In electronic devices, printed circuit boards, or PCBs, are used to mechanically support electronic components which have their connection leads soldered onto copper pads in surface mount applications or through rilled holes in the board and copper pads for soldering the component leads in thru-hole applications. A board design may have all thru-hole parts on the top or element side, a mix of thru-hole and surface mount on the top side only, a mix of thru-hole and surface mount parts on the top side and surface area mount elements on the bottom or circuit side, or surface mount parts on the leading and bottom sides of the board.
The boards are likewise used to electrically connect the needed leads for each element using conductive copper traces. The component pads and connection traces are etched from copper sheets laminated onto a non-conductive substrate. Printed circuit boards are designed as single sided with copper pads and traces on one side of the board only, double agreed copper pads and traces on the leading and bottom sides of the board, or multilayer styles with copper pads and traces on the top and bottom of board with a variable number of internal copper layers with traces and connections.
Single or double sided boards consist of a core dielectric product, such as FR-4 epoxy fiberglass, with copper plating on one or both sides. This copper plating is etched away to form the real copper pads and connection traces on the board surfaces as part of the board production procedure. A multilayer board includes a number of layers of dielectric product that has been fertilized with adhesives, and these layers are utilized to separate the layers of copper plating. All of these layers are aligned and then bonded into a single board structure under heat and pressure. Multilayer boards with 48 or more layers can be produced with today's technologies.

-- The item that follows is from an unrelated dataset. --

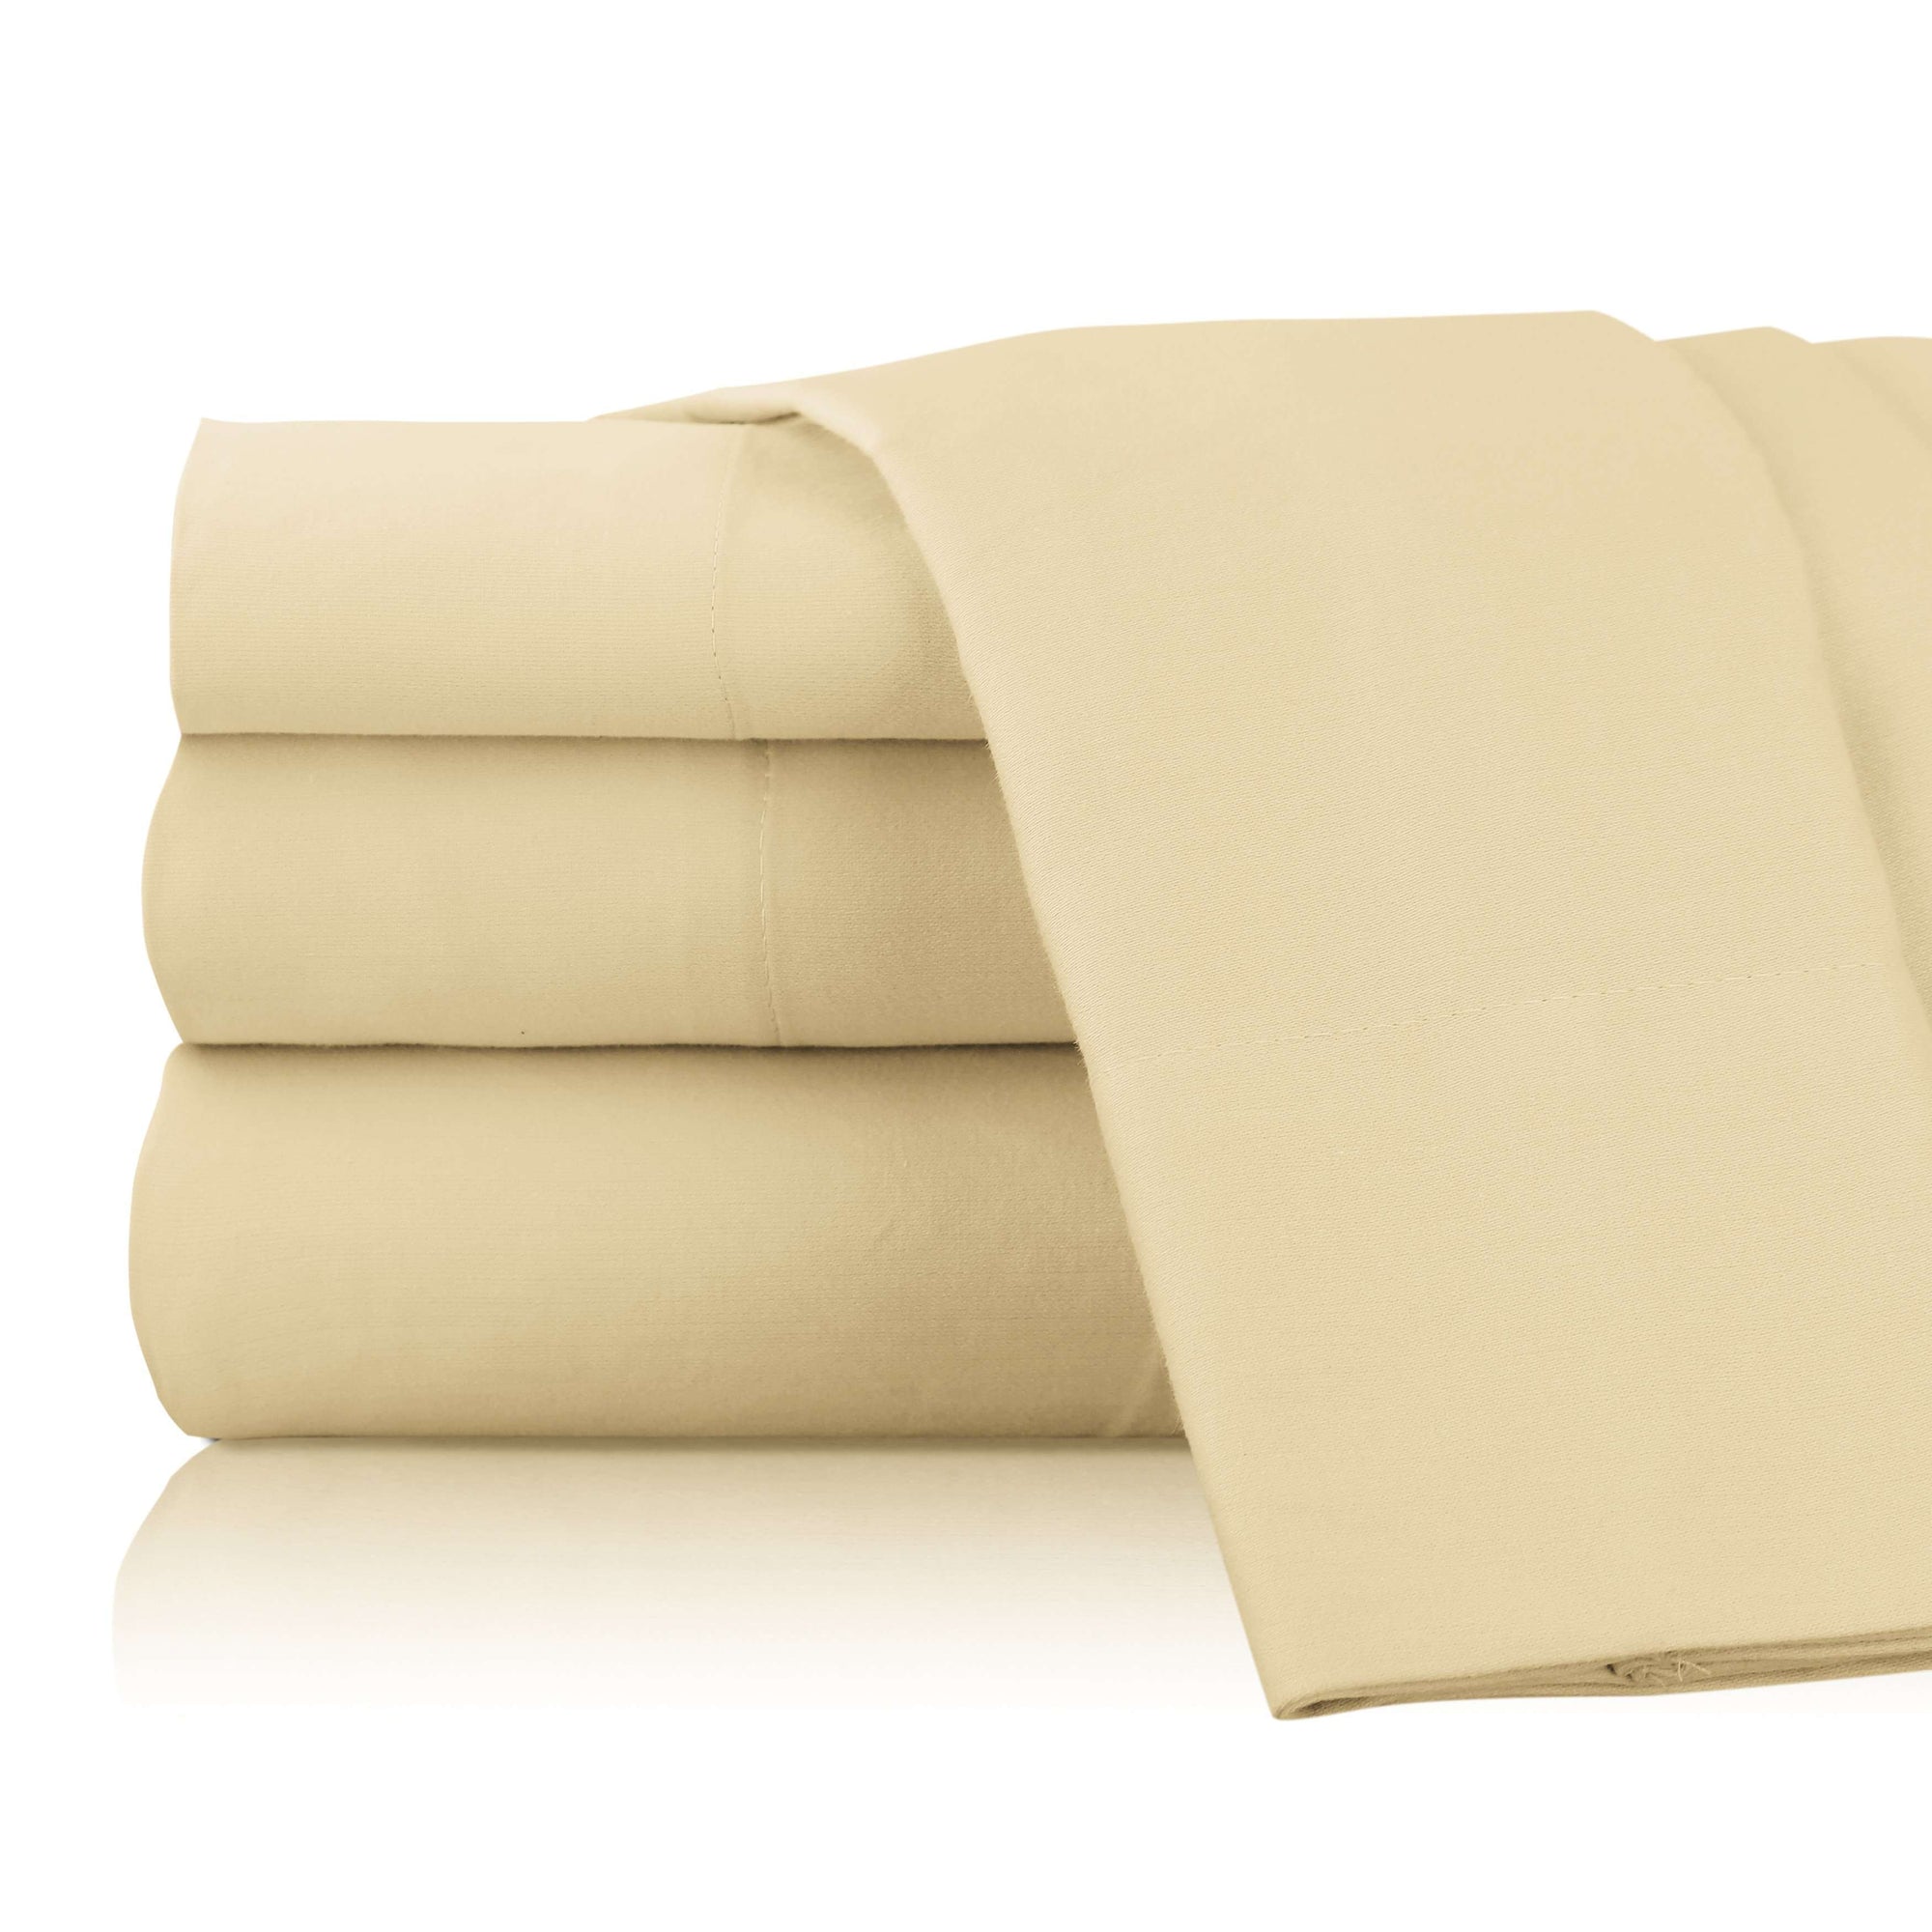 White Sateen Linen Set  Shop 600 Thread Count Cotton Hotel Sheets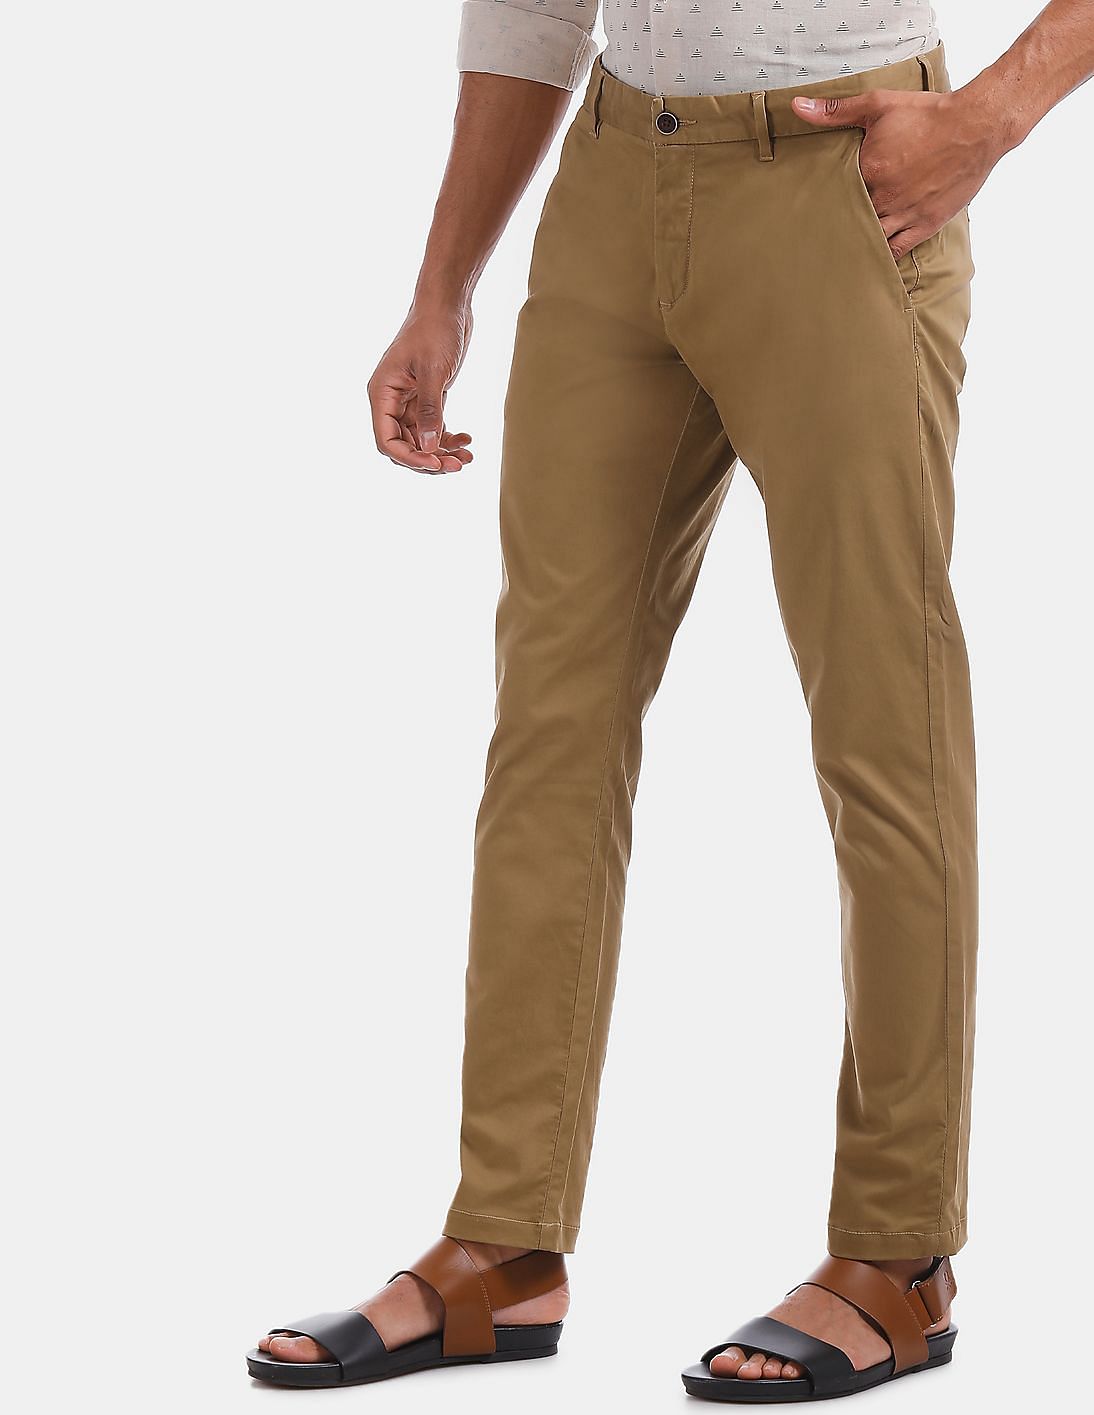 Buy > best men's casual stretch pants > in stock

In a normal 4 layer board design, the internal layers are frequently used to offer power and ground connections, such as a +5 V airplane layer and a Ground airplane layer as the two internal layers, with all other circuit and part connections made on the leading and bottom layers of the board. Very intricate board designs may have a a great deal of layers to make the numerous connections for various voltage levels, ground connections, or for connecting the many leads on ball grid variety devices and other large incorporated circuit package formats.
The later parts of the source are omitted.